▸ **What the exercise asks**
The answer is the line containing "Marseille Centre - Cinq" plus every line after it to the end of the material, retyped exactly and without the pictures.

▸ **Data excerpt**
^^^^

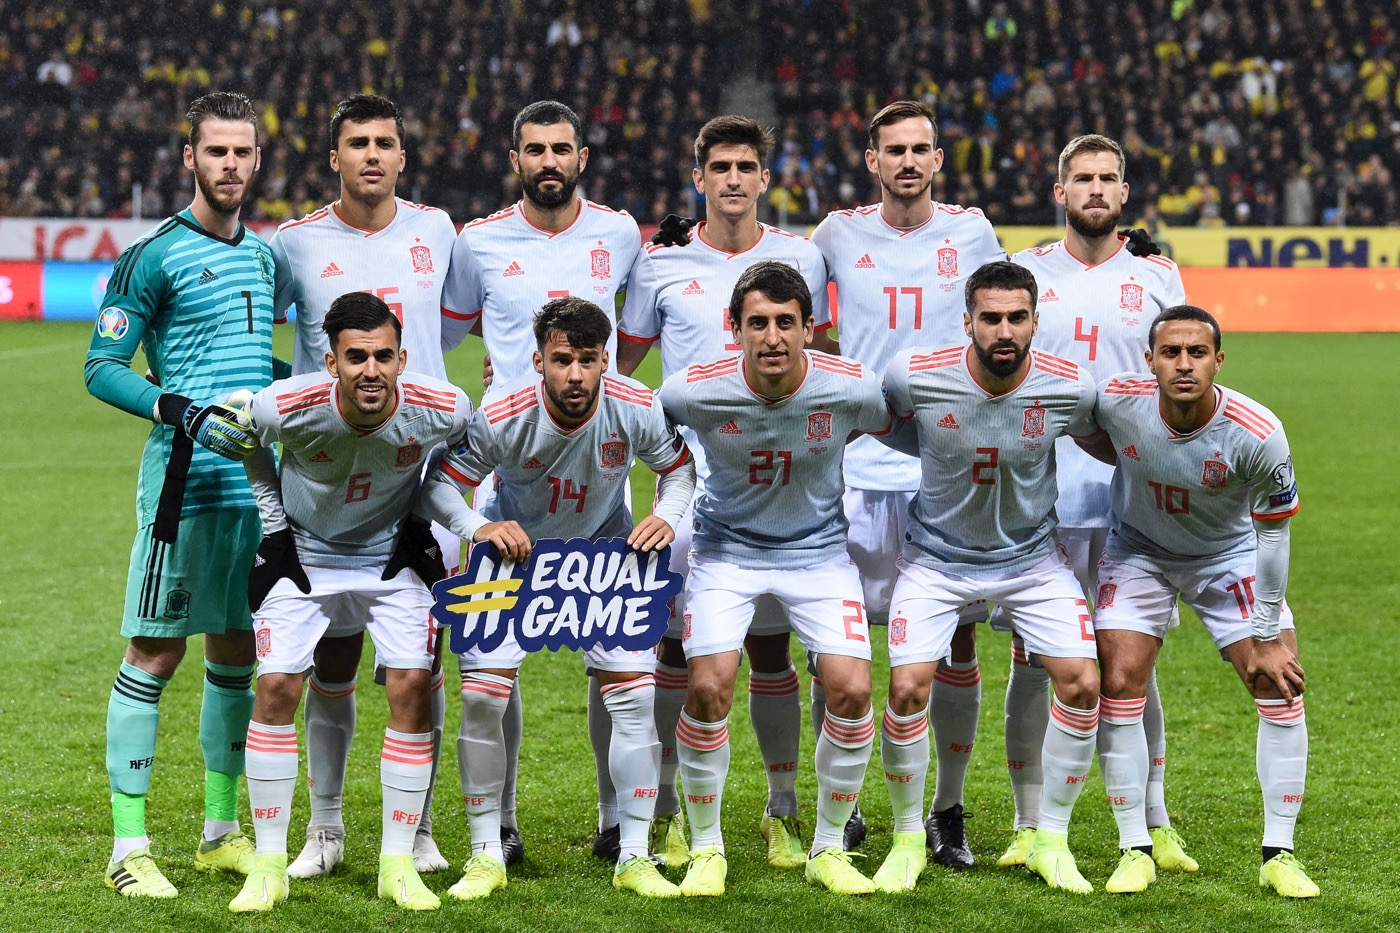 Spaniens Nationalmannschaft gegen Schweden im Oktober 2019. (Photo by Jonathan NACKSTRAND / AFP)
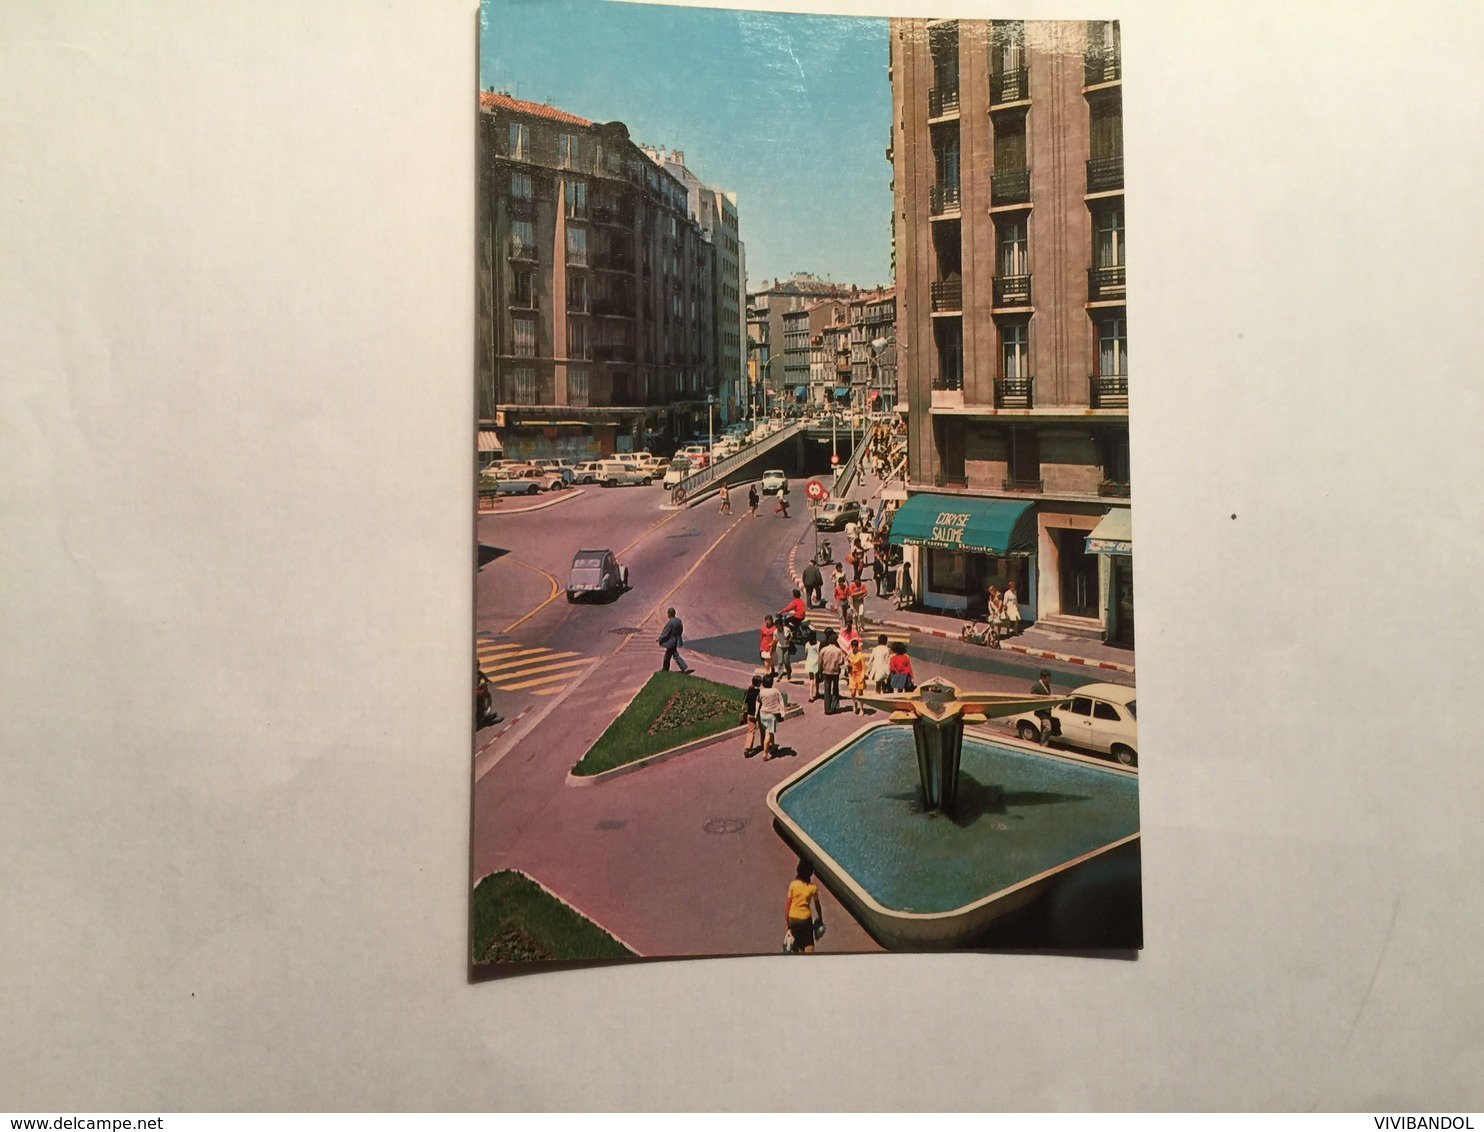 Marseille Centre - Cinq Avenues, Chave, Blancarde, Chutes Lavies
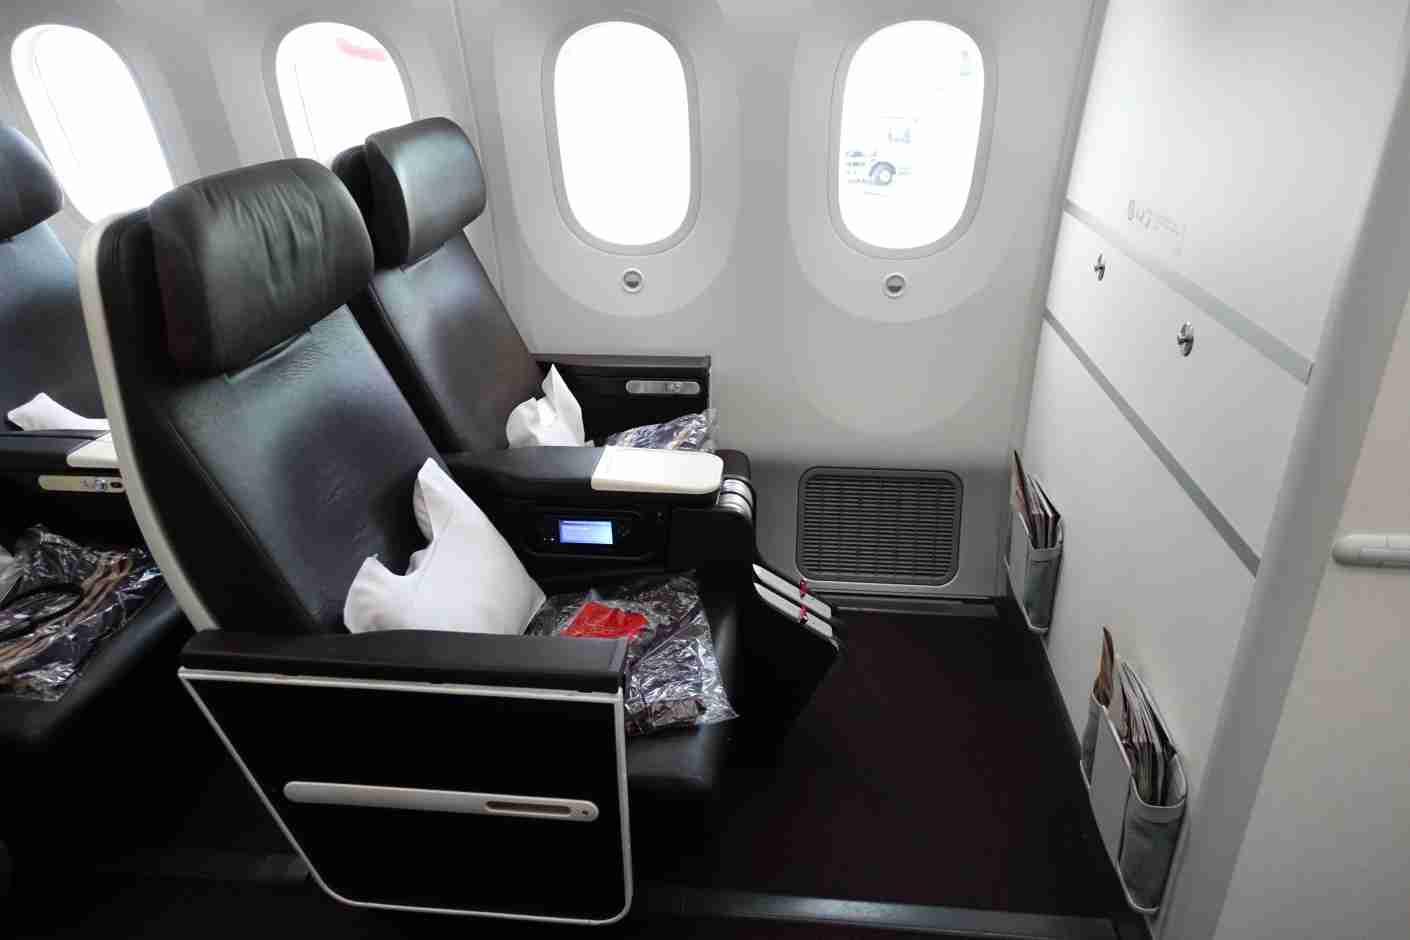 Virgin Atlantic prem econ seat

^^^^

▸ **The completed task**
 Marseille Centre - Cinq Avenues, Chave, Blancarde, Chutes Lavies
 Virgin Atlantic prem econ seat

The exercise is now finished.